I think either the miles are incorrect _or_ he makes on average half what a "good week" of £900 is. That's just not enough miles, unless business is outstandingly busy and well-paid. I think he's exaggerating how much he's made. His good week can't be close to a typical week, with such low mileage. I don't understand how someone could put 50 hours in and only cover ~500 miles. That's 10mph which is slow even for city driving. I understand that someone could be logging hours while stopped, but the math doesn't add up.

I assume this is not a luxury car, and this is UberX (lower rates)? US drivers often can't sustain £1/mile, let alone close to £2. A strong gross rate in the US would be $20-40/hour, at an average speed that would necessarily be faster than 10mph to achieve such a rate.

Note: I don't know what the Sheffield market is like, nor do I know exactly how drivers are compensated in the UK. The math sounds pretty indistinct or wrong in this case, if it's anything like markets in the US.


----------



## TheDevilisaParttimer (Jan 2, 2019)

I see everyone here very concerned about the miles, it is feasible.

OP said 25k mile PER YEAR. The car has at least 75,000 miles on it. 

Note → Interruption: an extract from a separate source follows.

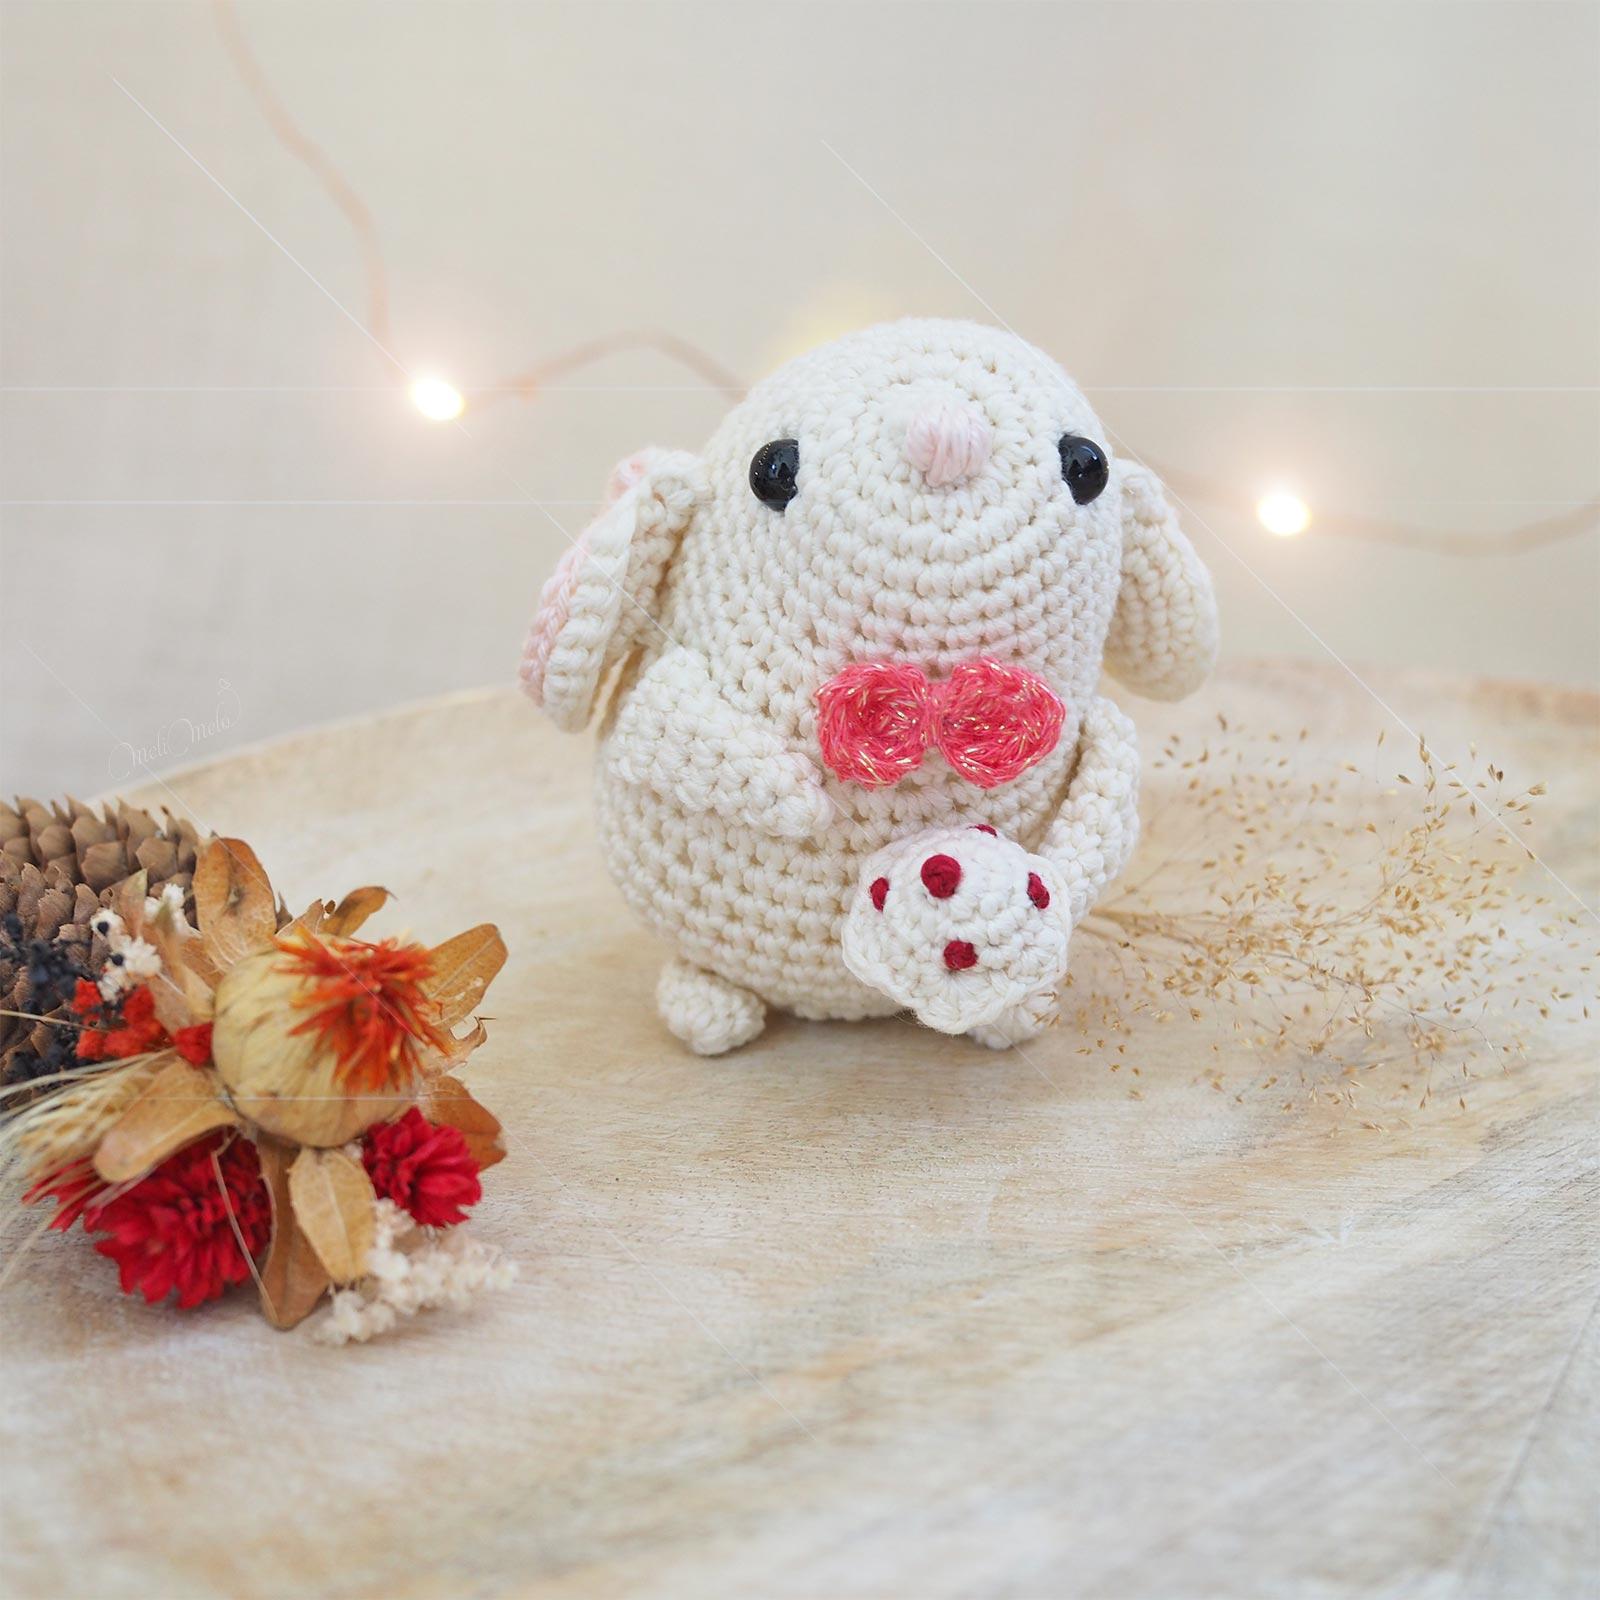 crochet souris gâteau amigurumi mouse amiguruku boutique MeliMelo

This is fully in line with average numbers.


----------



## waldowainthrop (Oct 25, 2019)

TheDevilisaParttimer said:


> I see everyone here very concerned about the miles, it is feasible.
> 
> OP said 25k mile PER YEAR. The car has at least 75,000 miles on it.
> 
> This is fully in line with average numbers.


Yeah, it's a completely reasonable amount of miles for someone who has driven an Uber car pretty heavily part-time. It's probably more than twice what an average British family/commuter car drives per year, but it's not an obscene number of miles.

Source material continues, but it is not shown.